3) Have an energy policy that disallows producing our own energy and instead requires that we buy energy from abroad, thus making our oil prices highly volatile and creating large balance of payments deficits, lowering the value of the dollar and thus making the problem get progressively worse.

4) Have Congress mandate that banks and other financial entities lend money to persons they know in advance to have poor credit ratings or none at all.

5) Allow investment banks, insurers, and banks to bet their entire net worth and then some on the premise that borrowers known to be improvident will in fact repay those loans.

6) Allow the creation of large betting pools called "hedge funds" that can move markets and control the outcome of trading, thus taking a forum for savings and retirement for families and making it into a rigged casino game that exists primarily to fleece suckers like ordinary working men and women.

7) Have laws that protect corporate officers from being sued for misconduct but at the same time punish lawyers in the private sector who ferret out such misconduct and try to make accountable the people responsible for shareholder and investor losses.
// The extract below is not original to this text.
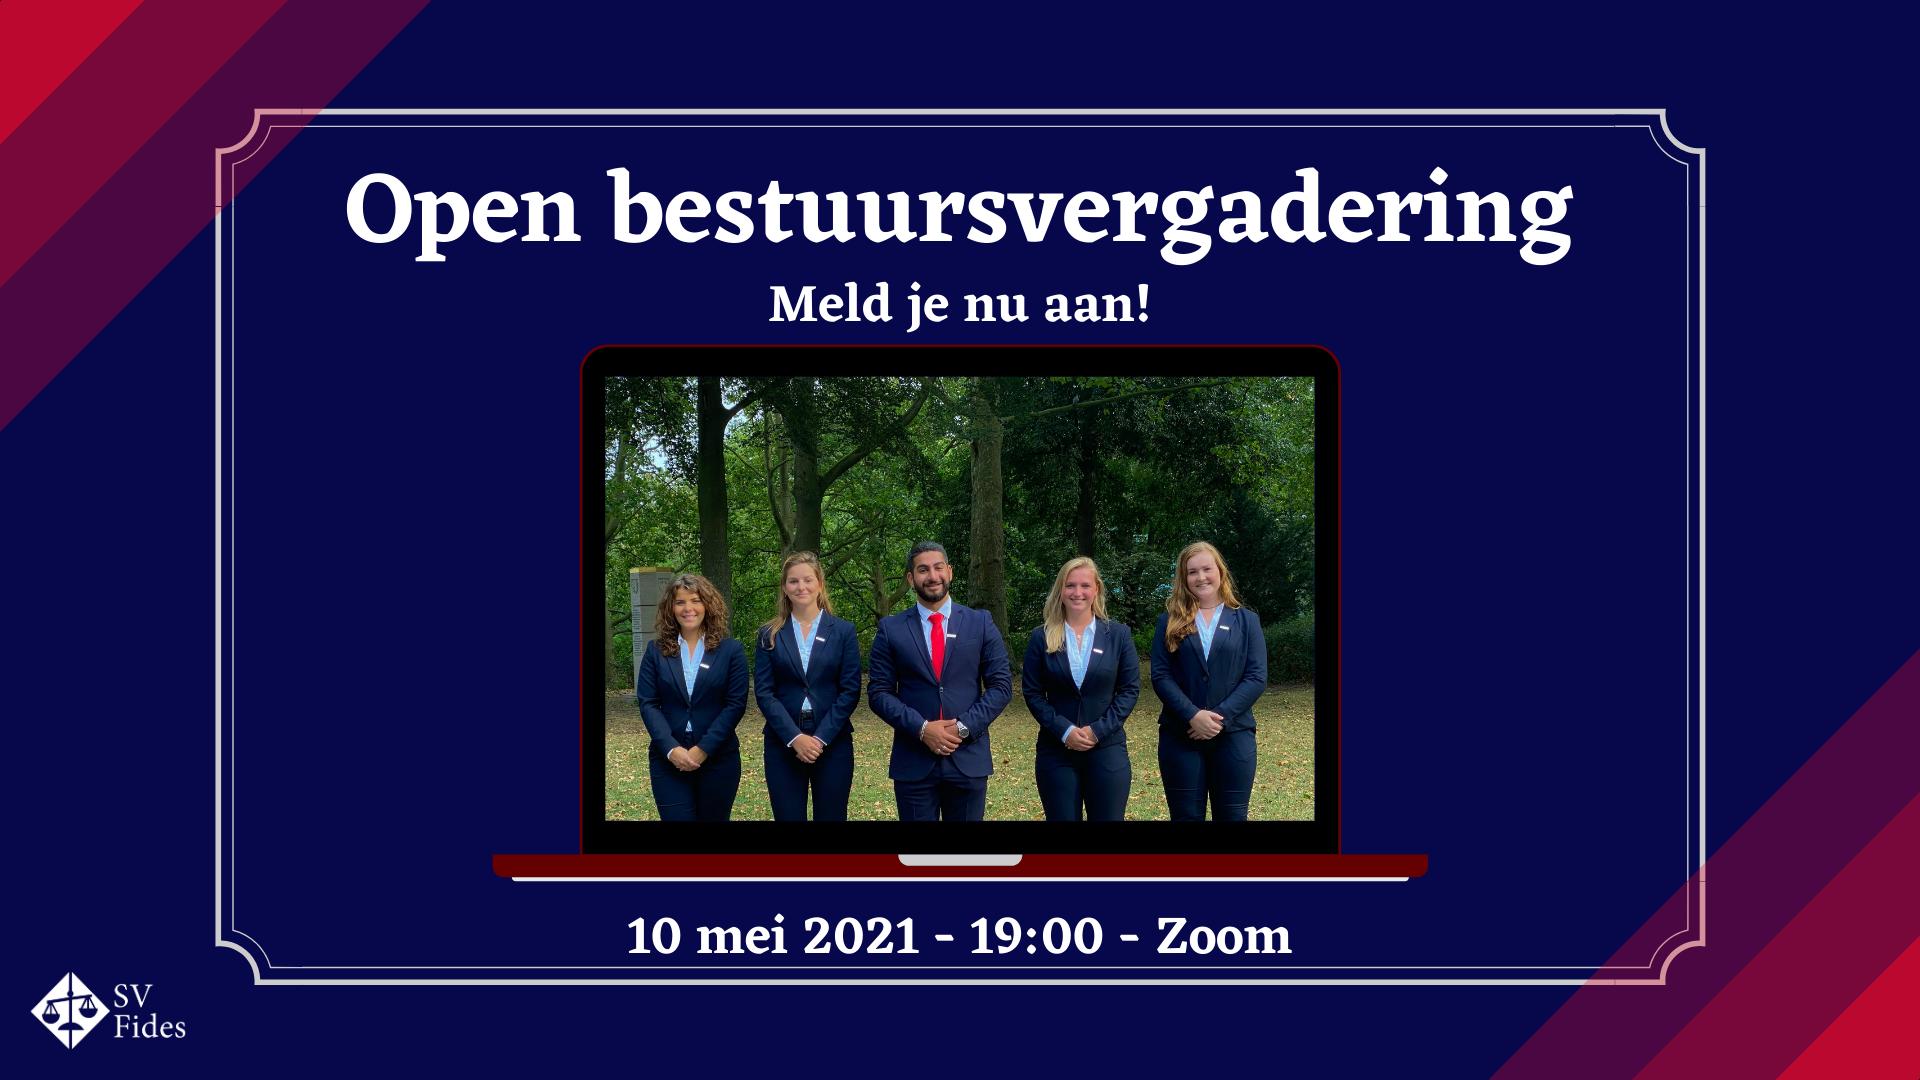 Open bestuursvergadering

If one of those lawyers gets particularly aggressive in protecting stockholders, put him in prison.

8) Appoint as head of the United States Treasury Department a man whose whole life was spent on Wall Street, who became fantastically rich through his peddling of junk bonds at his firm while the firm later sold short those same sorts of bonds.

9) Scare Americans into putting up $750 billion of their hard earned money to bail out the billionaires and their friends who created the market for loans to poor credit risks (The "subprime" market) and the unbelievably large side bets on those loans, promising that such a bailout would save the retirement savings of Americans, then allow the immense hedge funds to make the market crater immediately afterwards.
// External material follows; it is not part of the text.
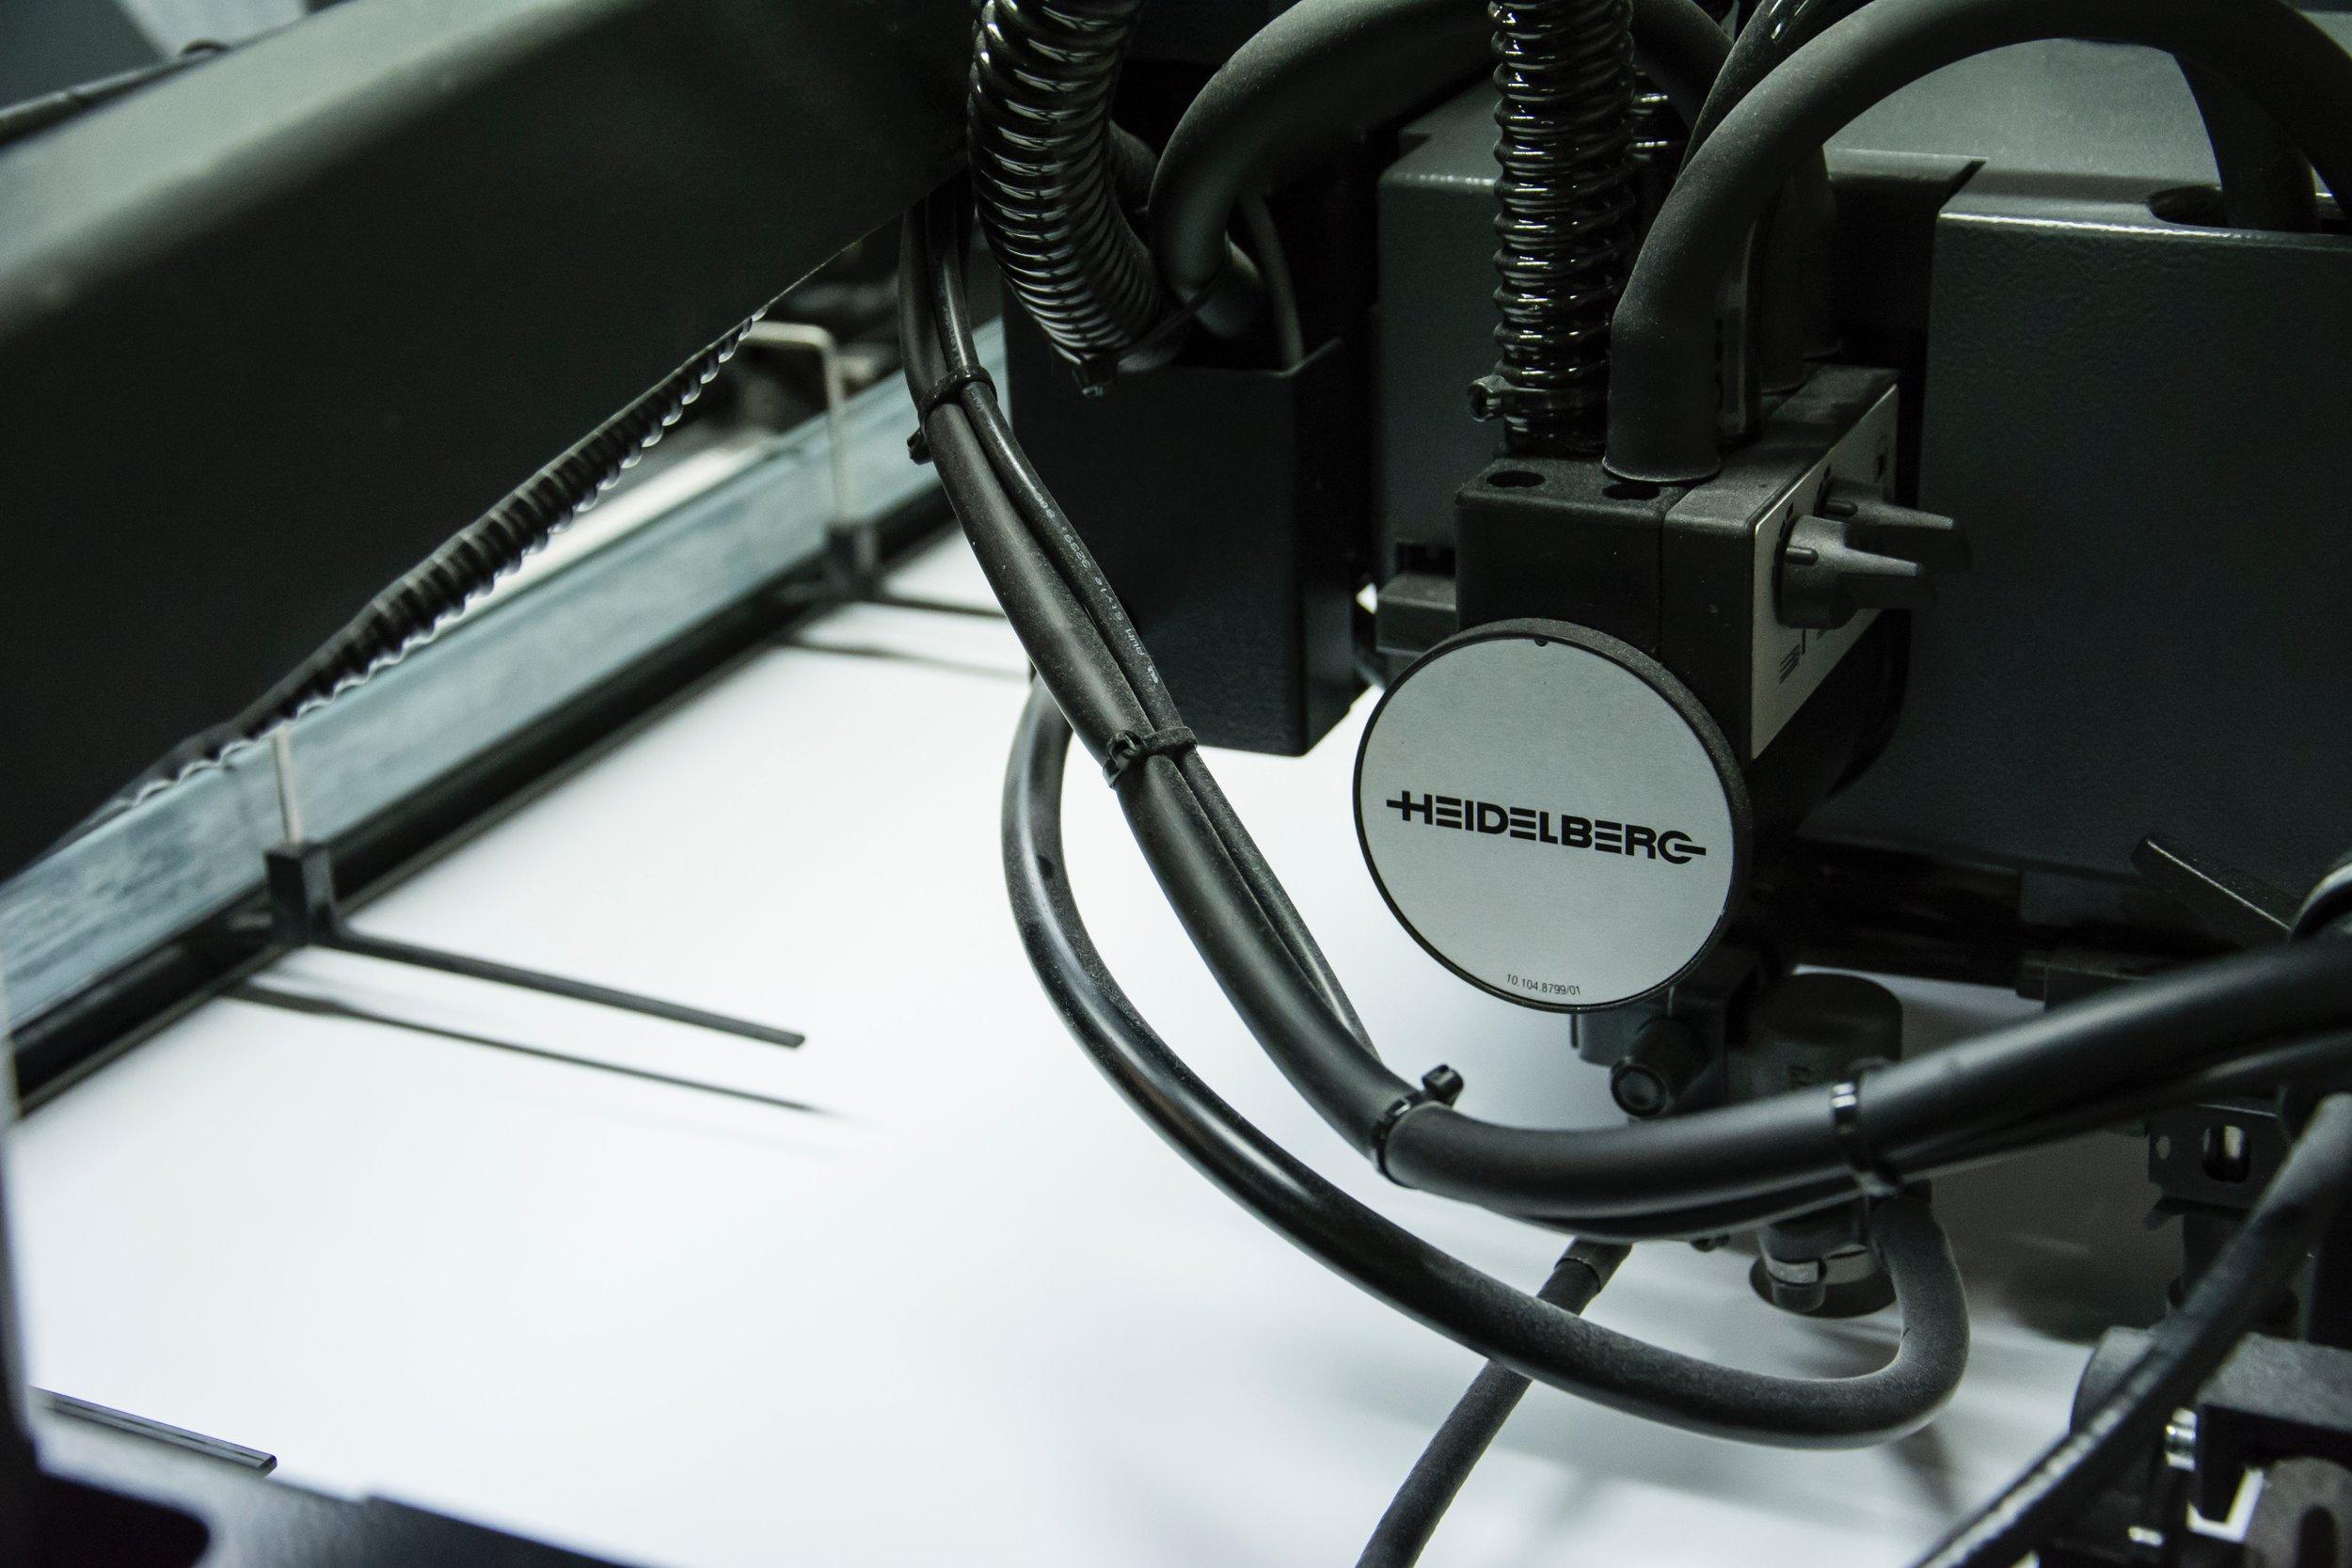 andre-robillard-2113-unsplash.jpg

10) Propose to save the situation by surtaxing the oil industry, which is owned by our fellow Americans, mostly in their retirement plans, thus penalizing Americans for investing in companies that efficiently and legally produce an indispensable product.
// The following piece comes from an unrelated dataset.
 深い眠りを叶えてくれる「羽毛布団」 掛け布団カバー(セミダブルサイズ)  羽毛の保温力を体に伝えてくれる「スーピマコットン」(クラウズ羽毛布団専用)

11) Insist that the free market requires that banks and insurers with friends of the Secretary of the Treasury be saved but allow other entities not so fortunate to fail, thus creating total uncertainty and terror among financial institutions, and demolishing all of the confidence built up in financial circles since the days of FDR.

12) Then have the Republican candidate say he would keep on the job the Treasury Secretary who facilitated the crisis, failed to protect the nation from the crisis, got the taxpayers to pony up to save his Wall Street buddies, and have the Democratic candidate, as noted, say he would save the day by taxing the stockholders of energy companies.

There, that should do it.

Leaders that Sacrifice the Future

I don’t rant often on this blog, but I had to let this out.

We have many leaders whose great skill is misleading us, by exploiting our fears, dreams, and beliefs. Many untruths and much corruption will be exposed by the financial crisis of 2008.

Economic reality is not altered, in the long term, by the self-serving words of politicians and CEOs. They must have a messiah complex to think that what they say will magically come true when they are just hoping to suspend the natural laws of economics (again).

They use charisma and mass psychology to get trusting people to believe their words. These trusting people are finally seeing that many of our leaders are looking out for themselves, greedily plundering organizations large and small to enrich themselves and their cronies, to the detriment of the electorate and investors.

Voters and stock holders have believed and trusted their leaders (who seem to know how to exploit every crisis for their own personal gain) are depressed by what is happening. When enough people get depressed, the economy will follow.

Do we get the leaders we deserve? I encourage every one to ponder that question.

Do corrupt leaders get what they deserve? Some do, but many don’t. Why? Because often they make the rules or can avoid the consequences.

Let’s all pay more attention to the slogans, excuses, explanations, and scapegoating offered by leaders at every level. We can’t afford to be misled any more.